Each line of the data must reappear exactly in your answer, with no images included.

● DATASET SECTION

=== Begin Enclosure ===

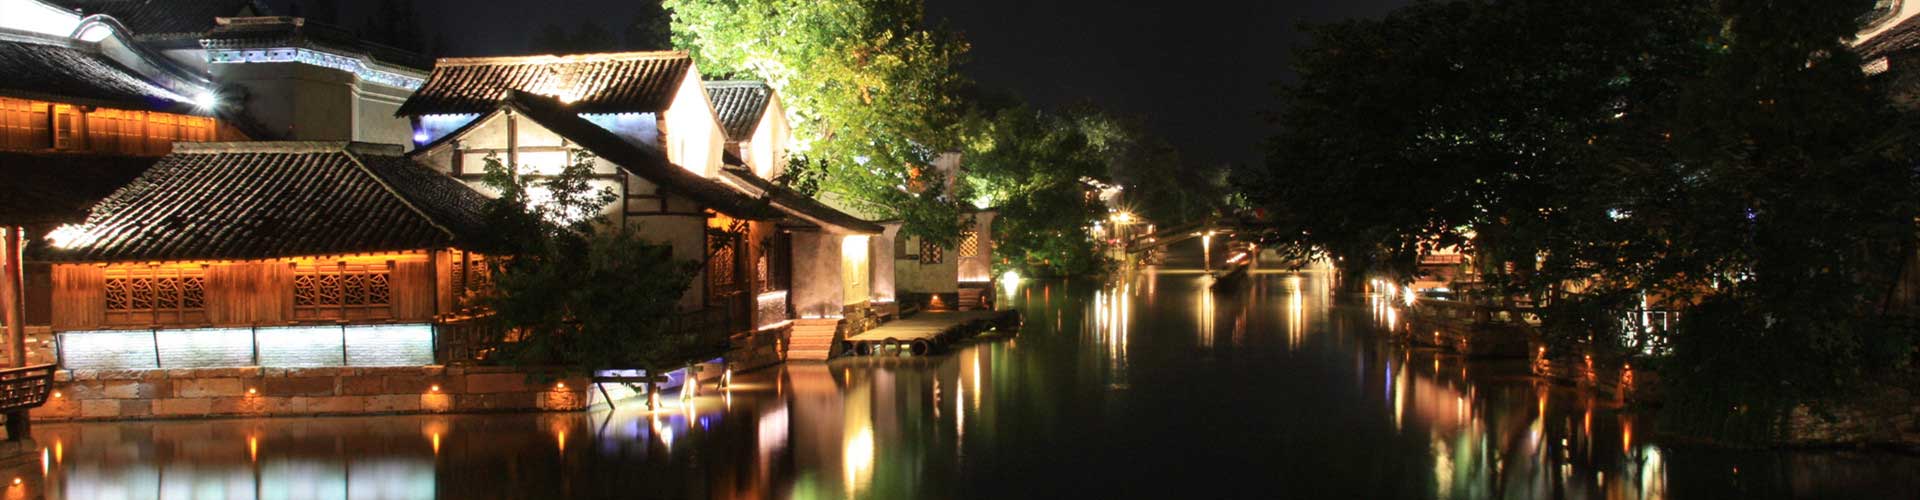 Wuzhen Water Town, Hangzhou Tours
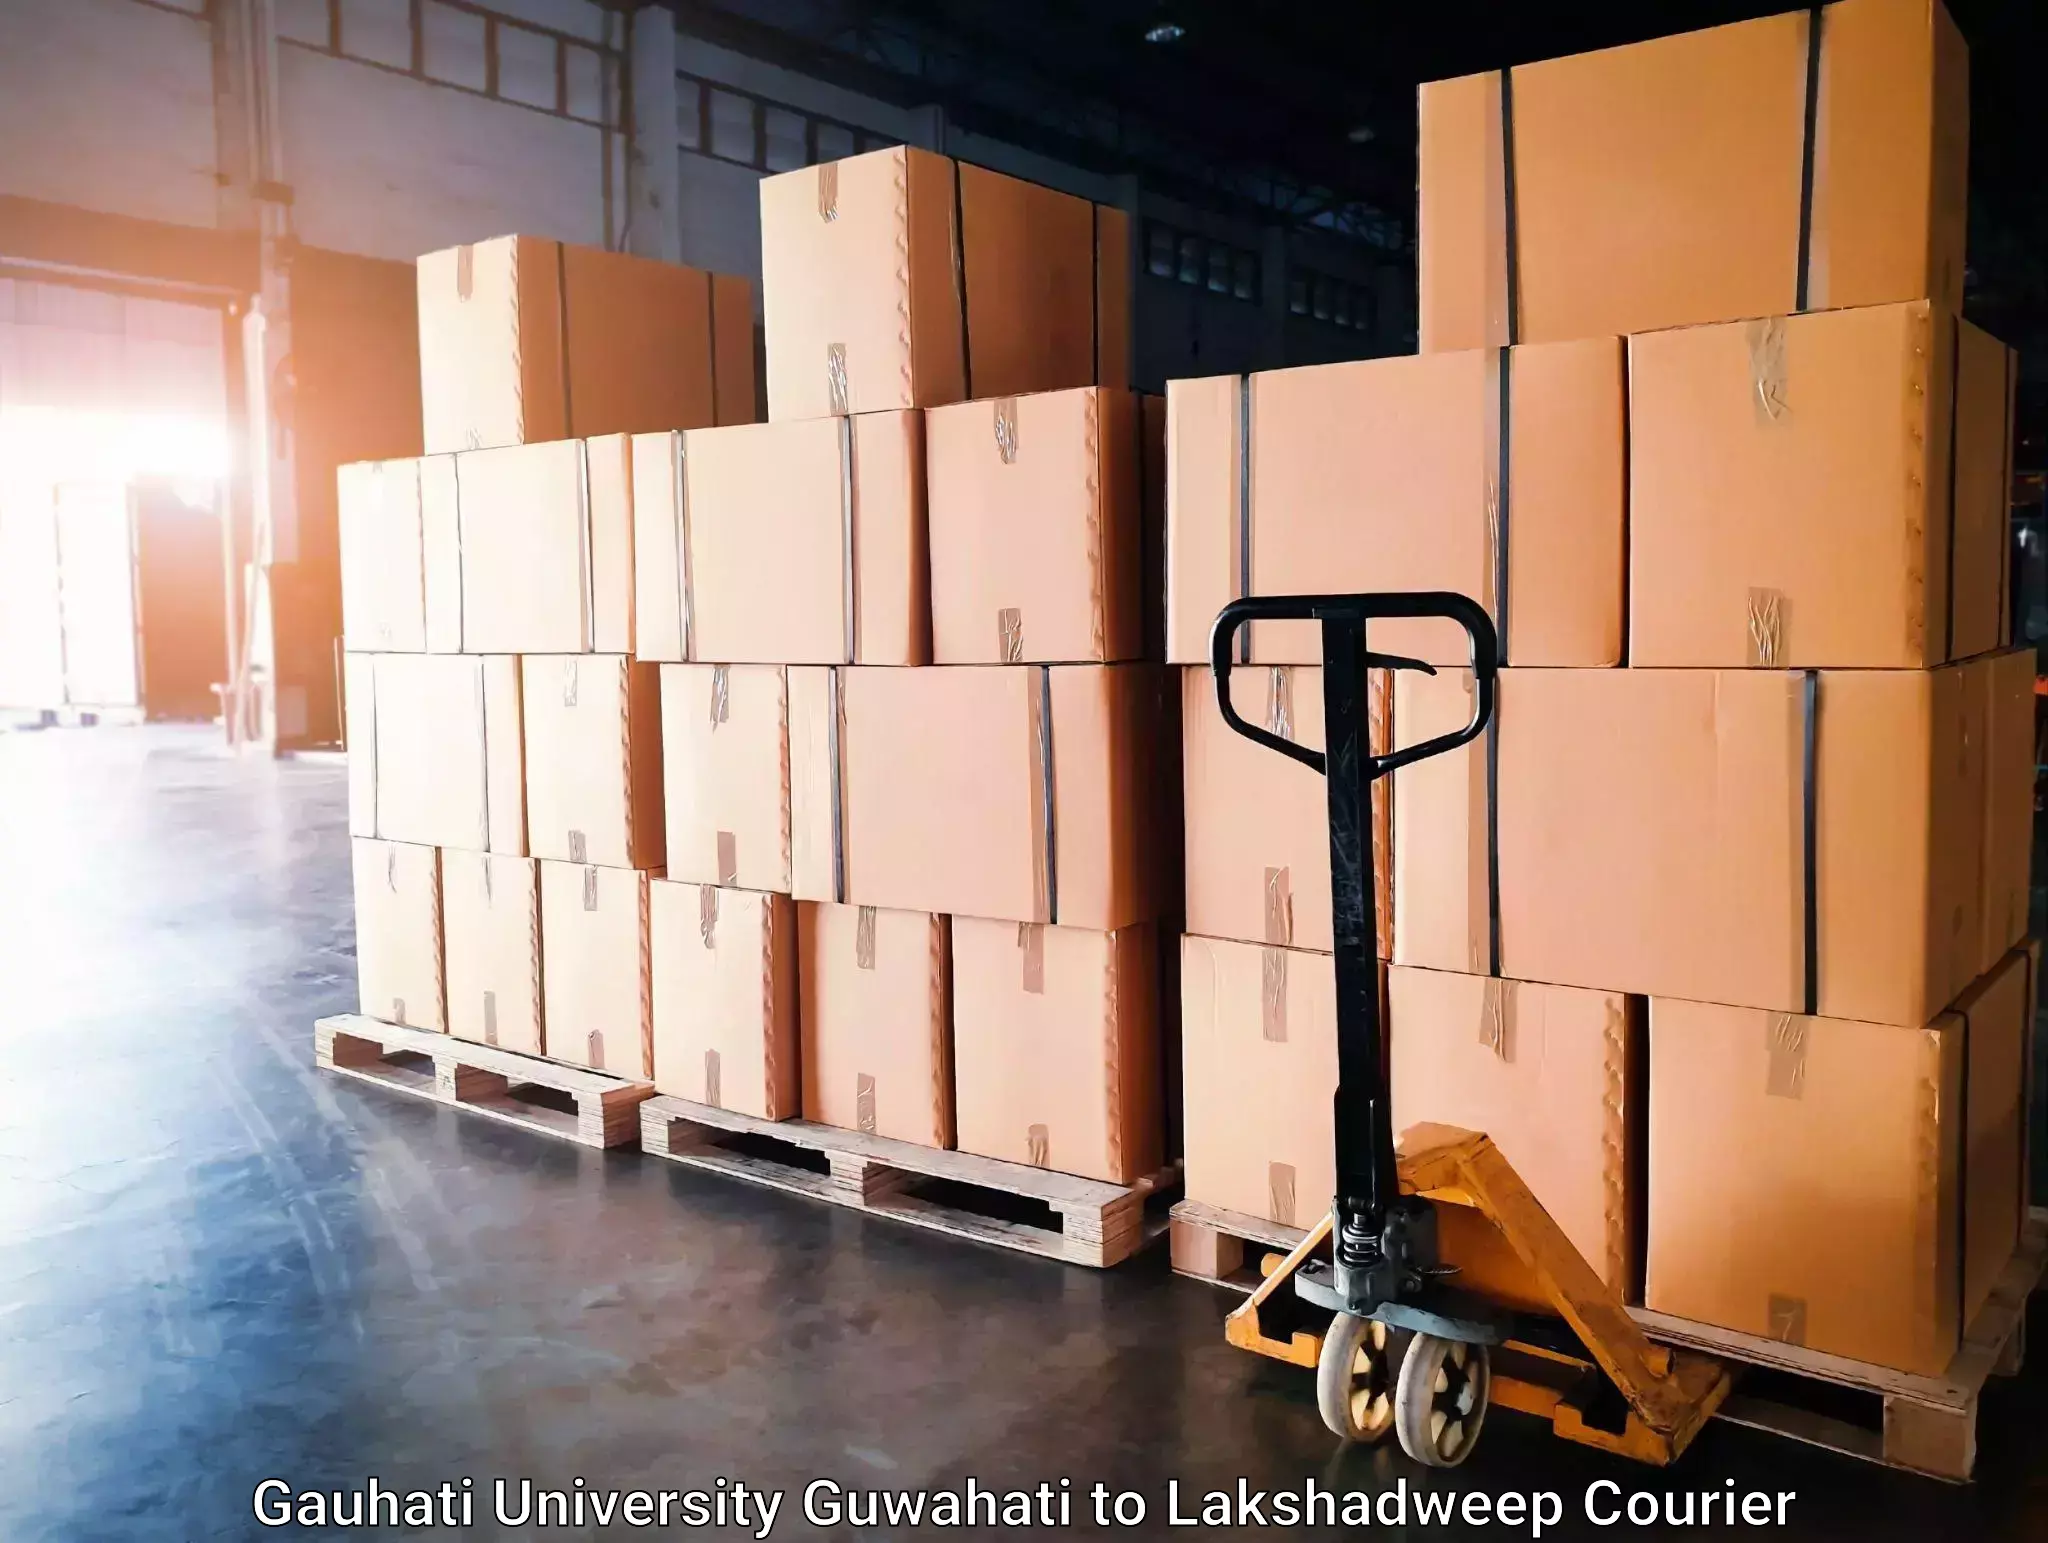 High-speed parcel service Gauhati University Guwahati to Lakshadweep
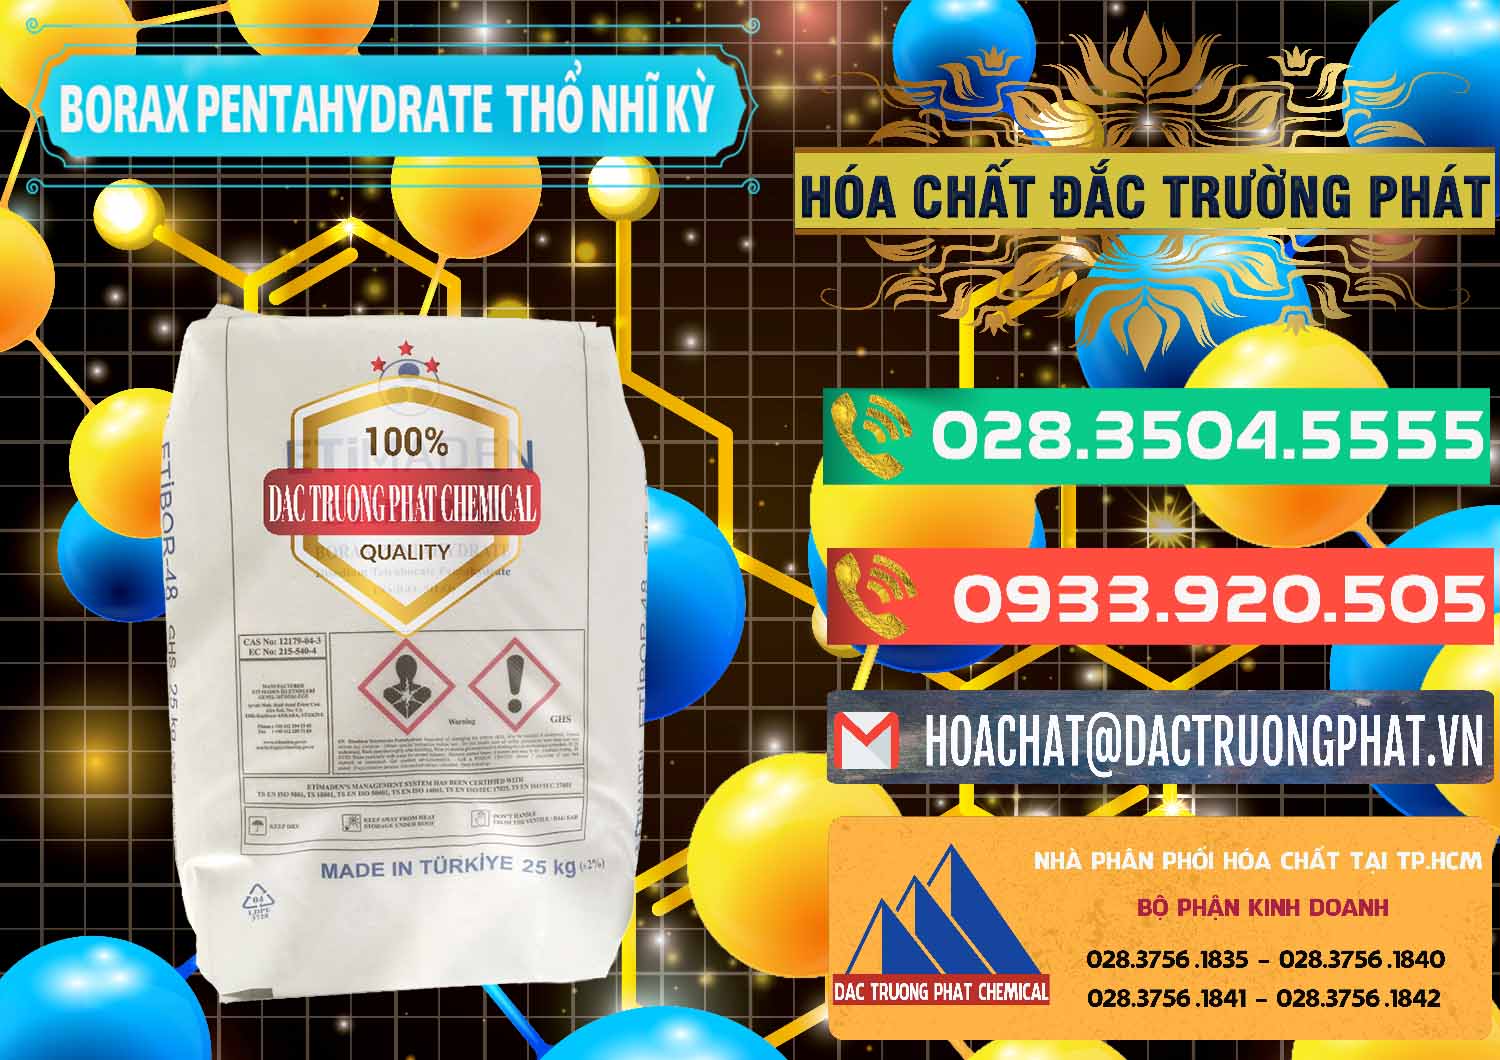 Cty chuyên bán - cung ứng Borax Pentahydrate Thổ Nhĩ Kỳ Turkey - 0431 - Đơn vị chuyên nhập khẩu và phân phối hóa chất tại TP.HCM - congtyhoachat.com.vn

=== End Enclosure ===

● ANSWER TO THIS PROBLEM
 Wuzhen Water Town, Hangzhou Tours
 High-speed parcel service Gauhati University Guwahati to Lakshadweep
 Cty chuyên bán - cung ứng Borax Pentahydrate Thổ Nhĩ Kỳ Turkey - 0431 - Đơn vị chuyên nhập khẩu và phân phối hóa chất tại TP.HCM - congtyhoachat.com.vn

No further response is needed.